There is a lack of consensus regarding the treatment policy of local advanced non small cell lung cancer (NSCC) despite a large amount of completed and ongoing clinical trials. The majority of patients with locally advanced disease usually develop distant metastases. At this stage of the disease, patients may suffer from a series of symptoms, such as pain, dyspnoea, anorexia, cachexia, nausea, fatigue etc. At the time of diagnosis, a majority of the patients are symptomatic. Chest radiotherapy has been the standard treatment for many years. It seems to be a general disagreement about the primary aim of the treatment of locally advanced NSCLC. The aim the treatment of this type of patients can either be life prolonging, symptom preventive, symptom relieving or combinations.

There are very few randomized clinical trials comparing radiotherapy with chemotherapy (Table 1). Only three published randomized trials were identified in the literature. One study published in 1977 (1) was a late report of two British trials published in the 70-ies (2,3) designed to assess the effect of immediate treatment of inoperable NSCLC. In these series 148 patients were included, allocated to radiotherapy, single agent chemotherapy with prokarbazin or combination chemotherapy with nitrogen mustard, vinblastin and prednisone. No difference in survival was reported. Quality of life was evaluated by a simple physician assessed instrument. The group of patient included in this study is heterogeneous, even with some small cell lung cancer patients. The chemotherapy regimen, is today considered to be sub optimal. Furthermore, the patients in this study had a short life expectancy.

Johnson et al (4) published a study including 319 patients in 1990. The aim of the study was to compare the survival of NSCLC patients treated with single agent chemotherapy, vincristin, thoracic radiotherapy (60Gy) or a combination of both treatment modalities. In this publication only data comparing radiotherapy with chemotherapy is reported. No statistically significant difference was found in survival, however, the response rate was higher (30%) in radiotherapy arm as compared with the single agent chemotherapy (10%). The median survival in this study is more than two longer compared to the previous study. One major limitation also in this study, is the use of a single agent chemotherapy. Another limitation is the cross over design between vincristin and radiotherapy performed in all patients who progressed after the first treatment modality.

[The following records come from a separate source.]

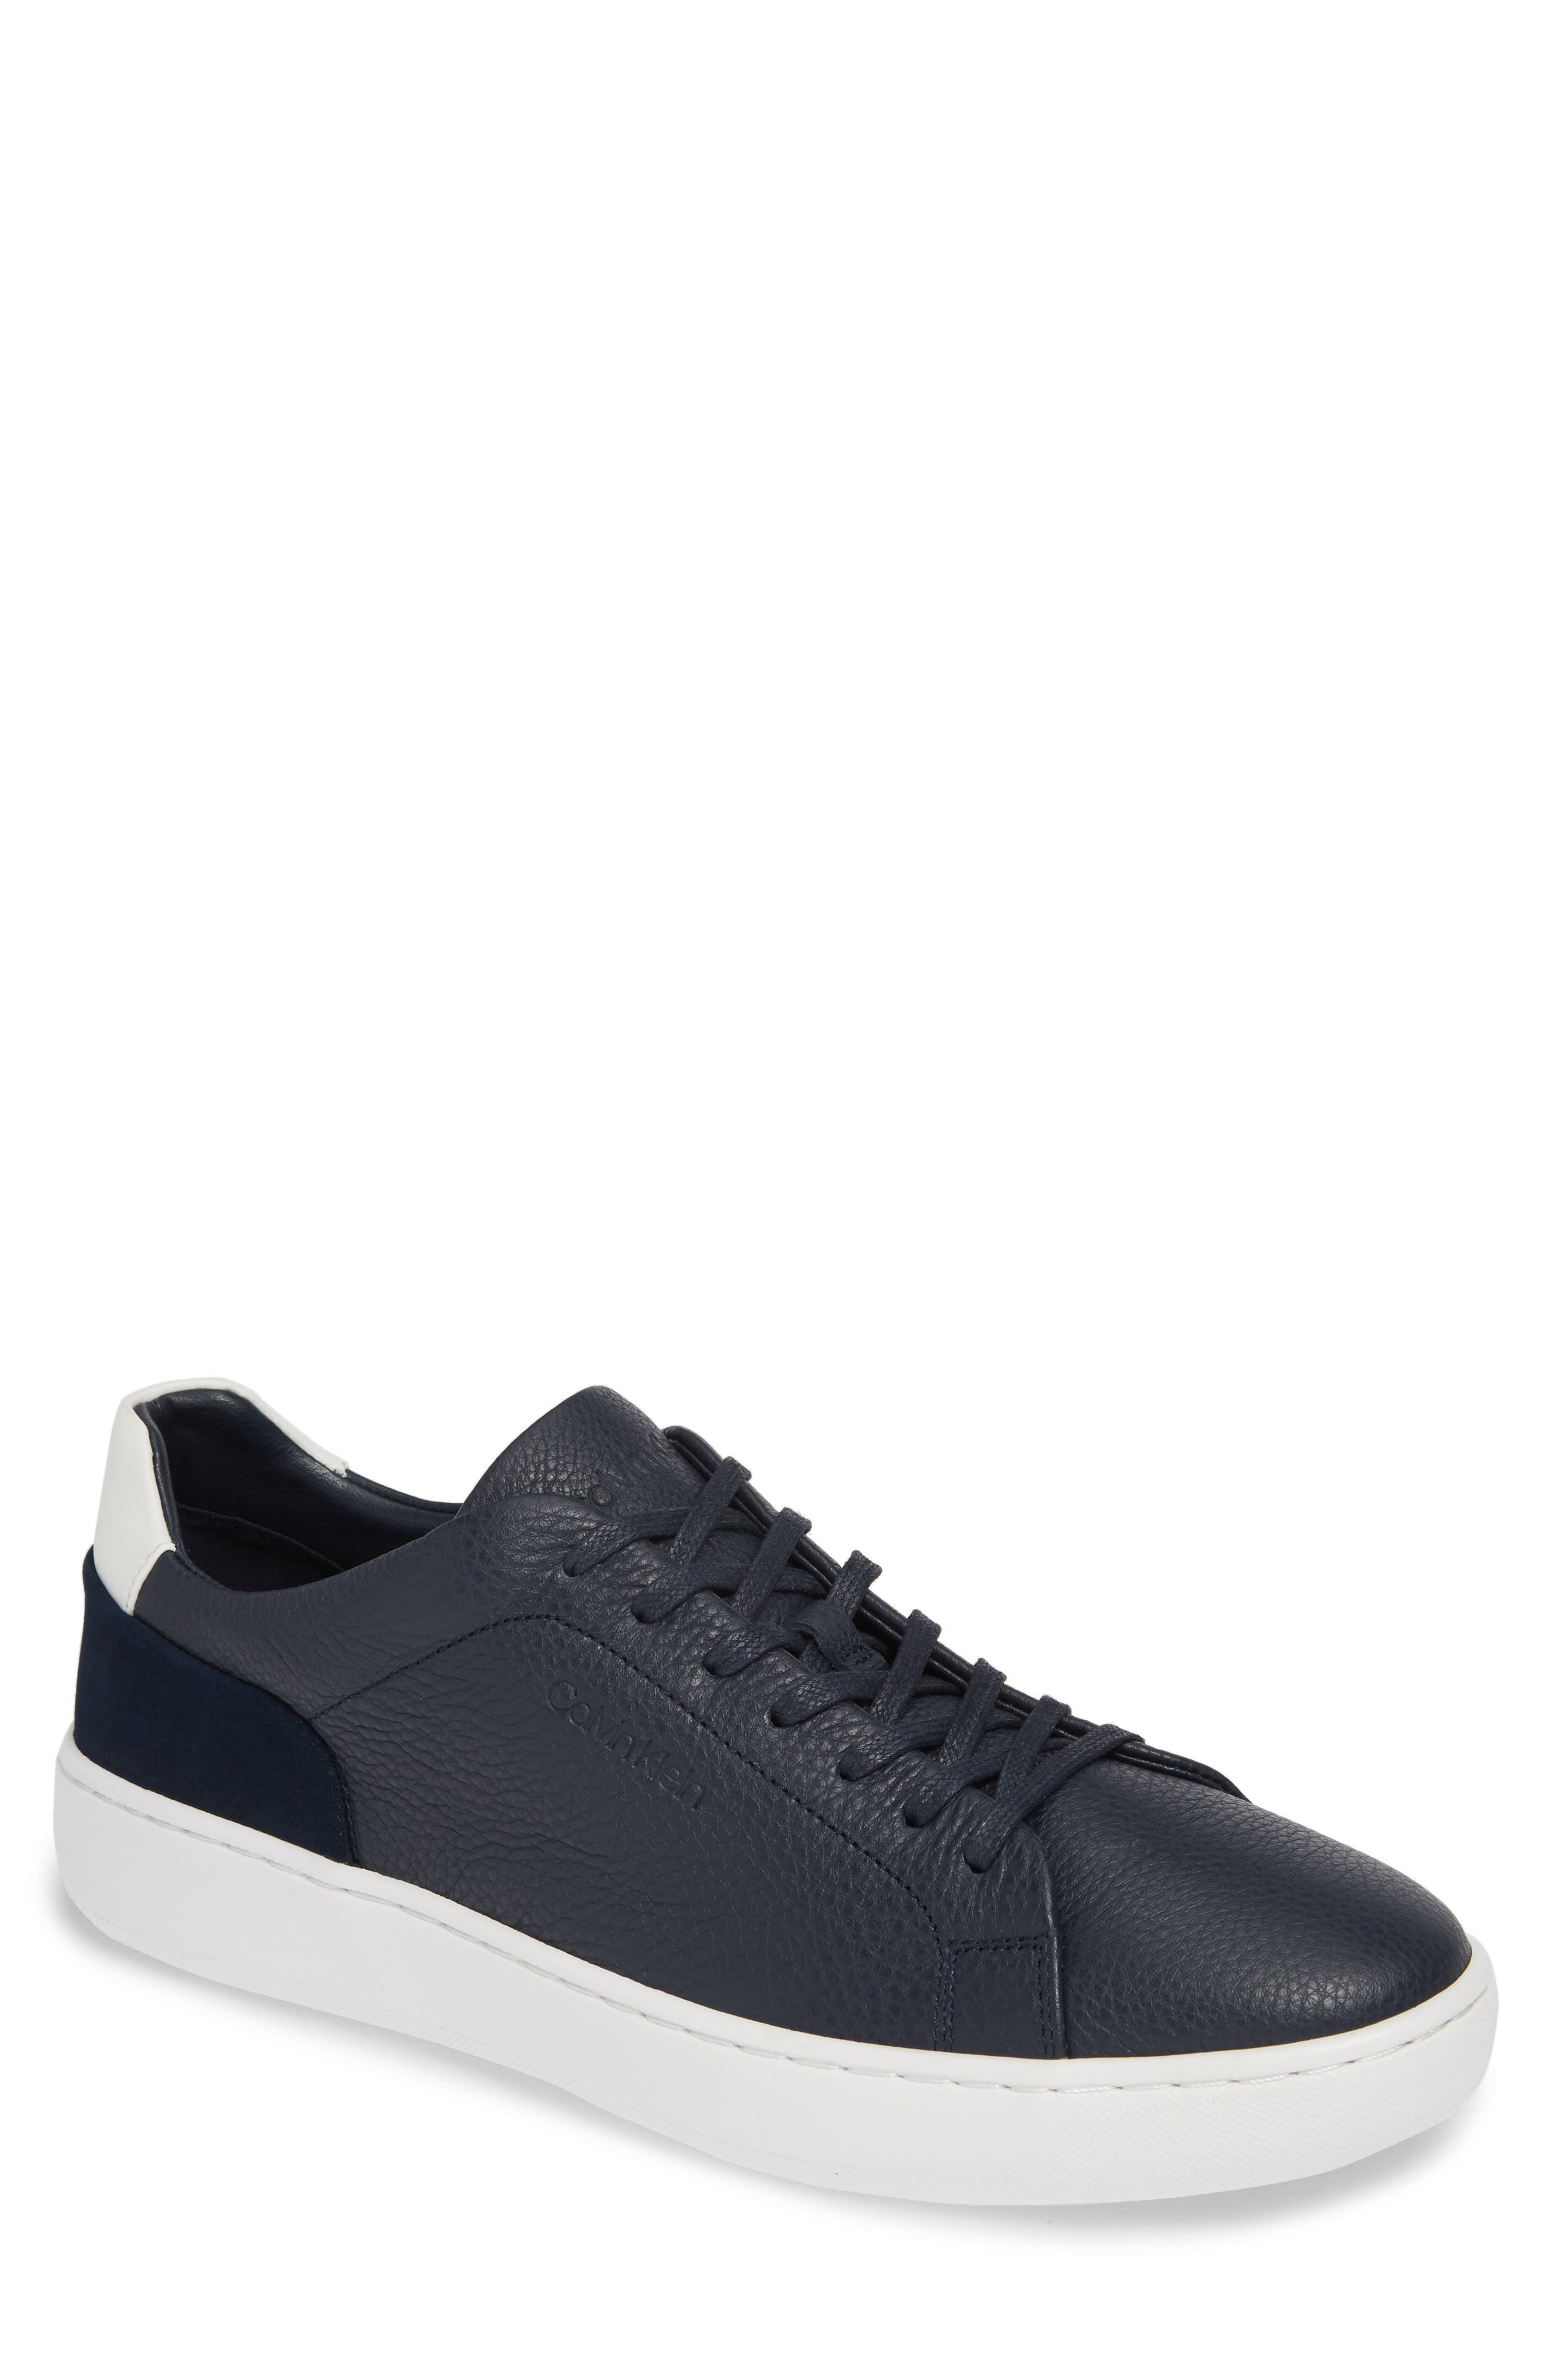 CALVIN KLEIN Fuego Sneaker, Main, color, DARK NAVY
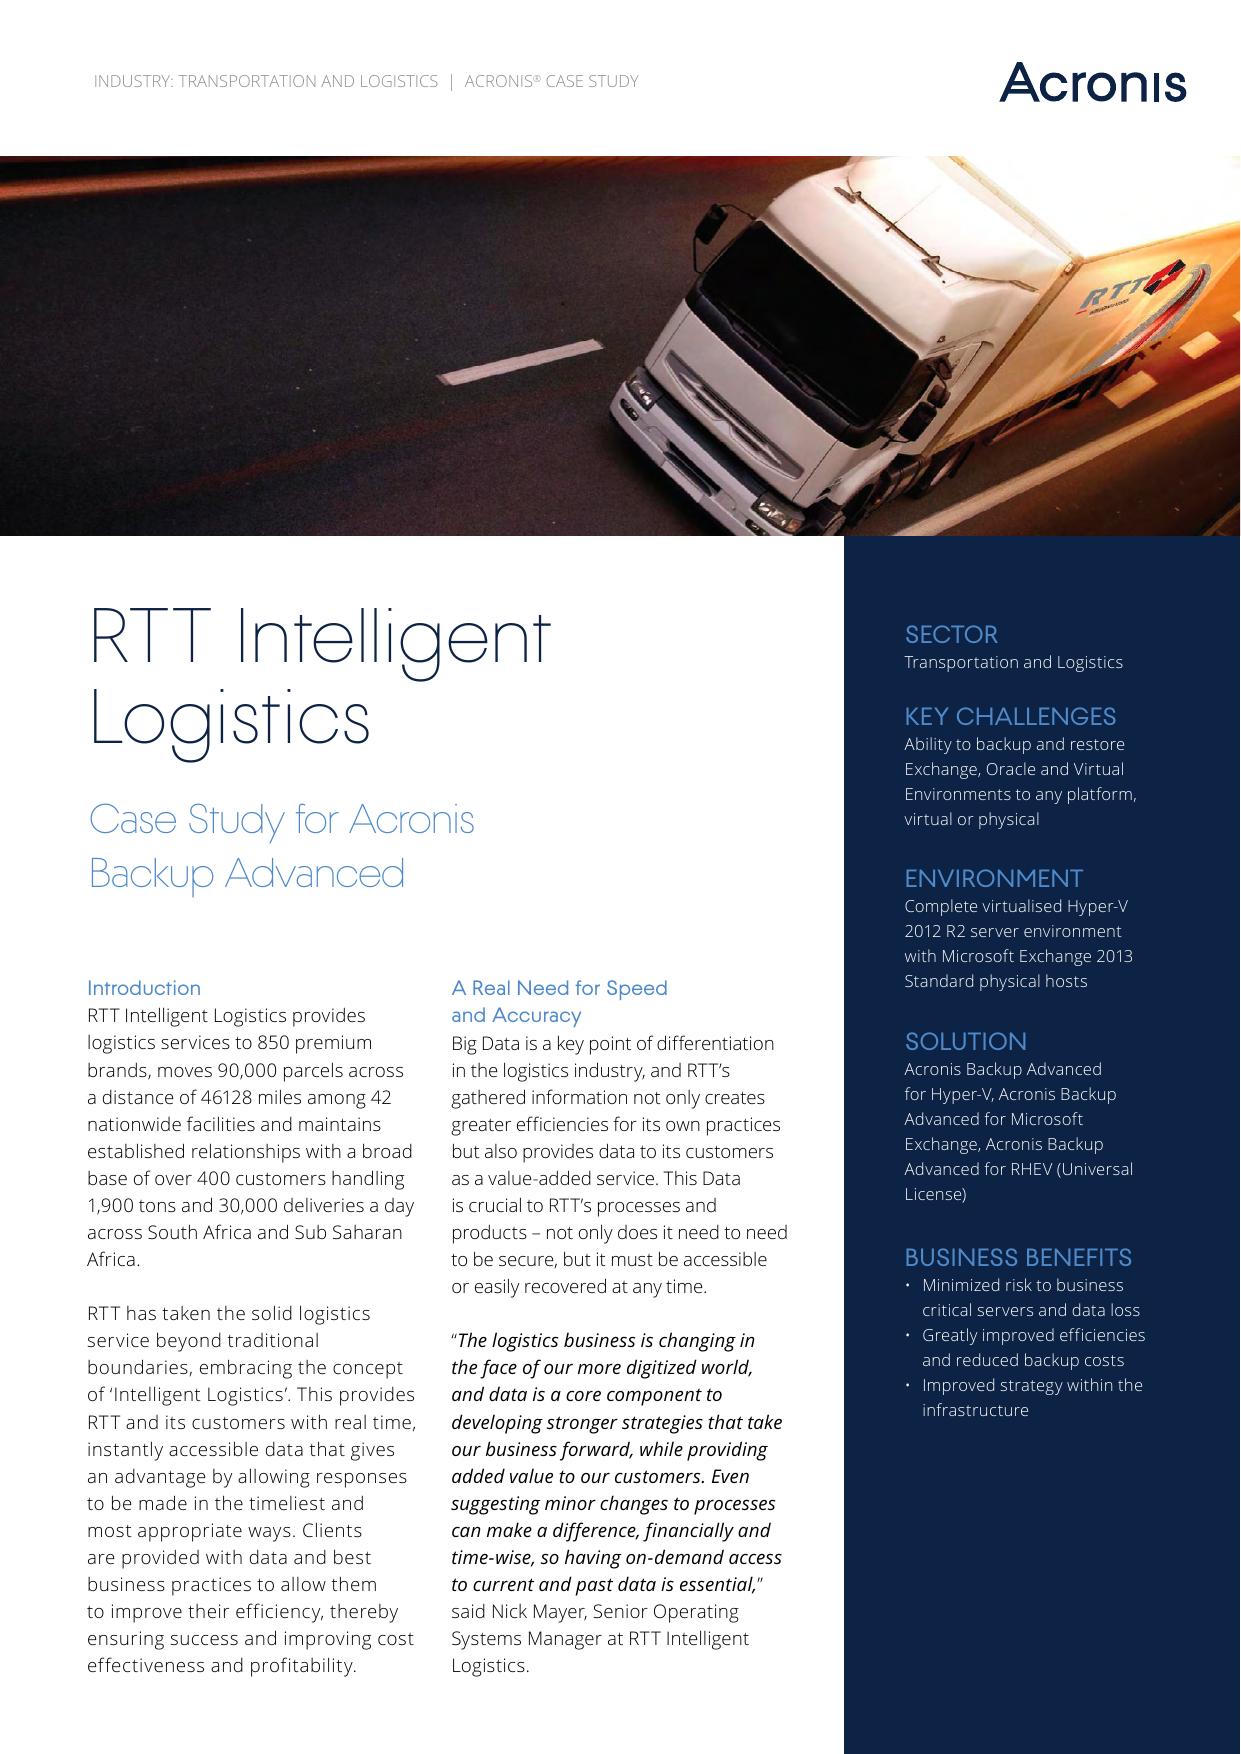 RTT Intelligent Logistics Case Study for Acronis | manualzz com
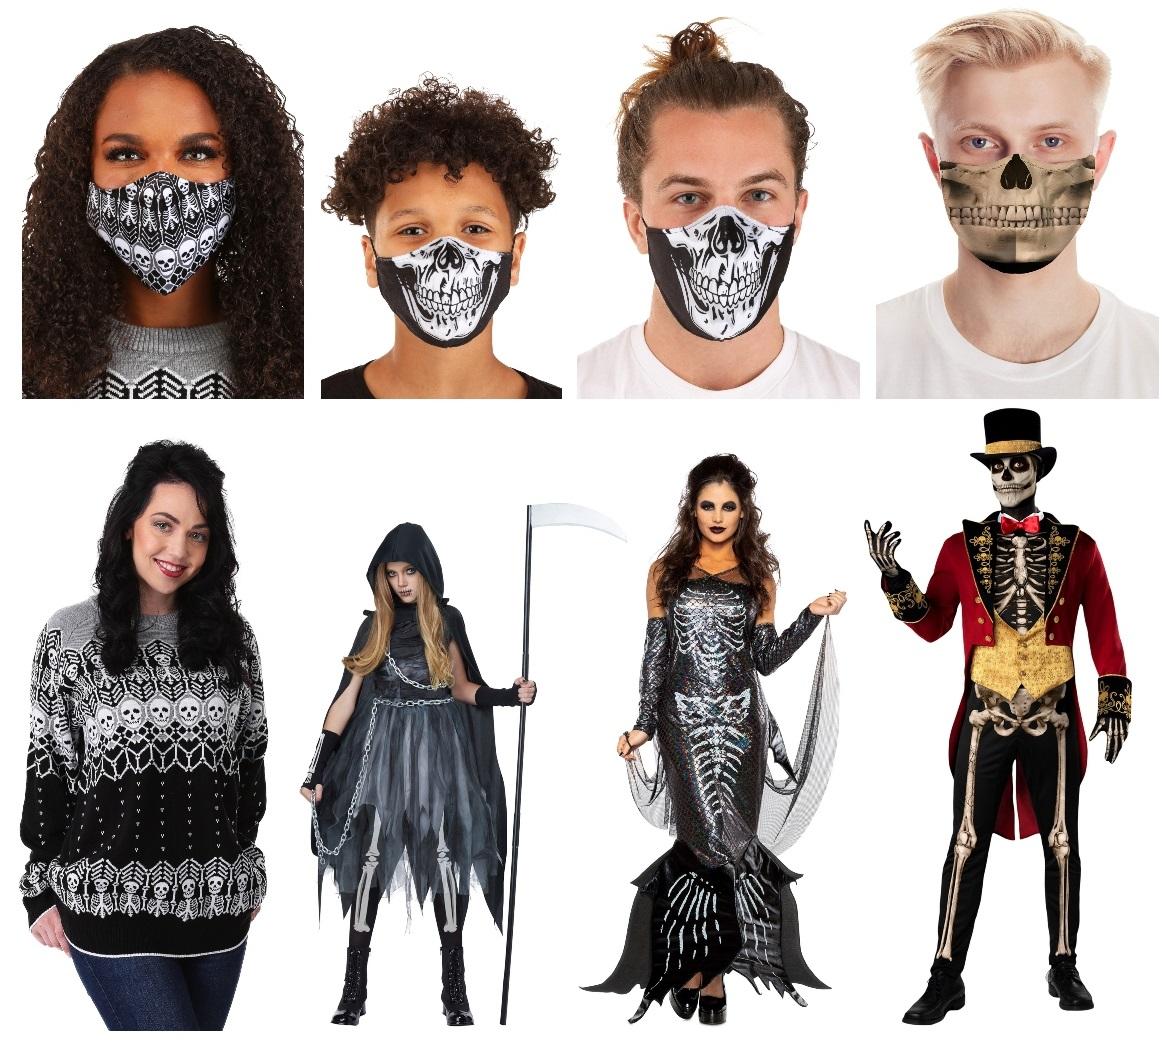 Skeleton Masks and Costumes

In 1988 (5) Kaasa and colleagues published data from a randomised trial comparing radiotherapy (42Gy) with a modern chemotherapy regimen, containing cisplatin and etoposide. Furthermore the cross over between the arms was limited. No difference was found in survival with a median survival of 45/46 weeks in the two treatment arms respectively. Patients receiving radiotherapy showed a doubling of tumour response, 42%, as compared to 21% in the chemotherapy arm. Quality of life data in a sub cohort is found in separate publications (6,7,8). Treatment related side effects were more pronounced in the chemotherapy group than in the radiotherapy group.

When data are interpreted the survival advantage of a few individuals must be weighted against the potential harm to those patients who do not experience any survival benefit. Assessment of quality of life in these types of studies should therefore be mandatory, using standard instruments such as the EORTC QLQ-C30 (9) combined with a lung cancer specific module (10).

In conclusion the evidence concerning the direct comparison of radiotherapy versus chemotherapy in randomised trials is scares. Only one study has included cisplatin-based treatment which is considered to be the optimal drug in combination for NSCLC(11). Furthermore, data on symptom control and quality of life in general is limited. Therefore it is reasonable to conclude that there is no real answer to the question whether radiotherapy or chemotherapy is superior to one another.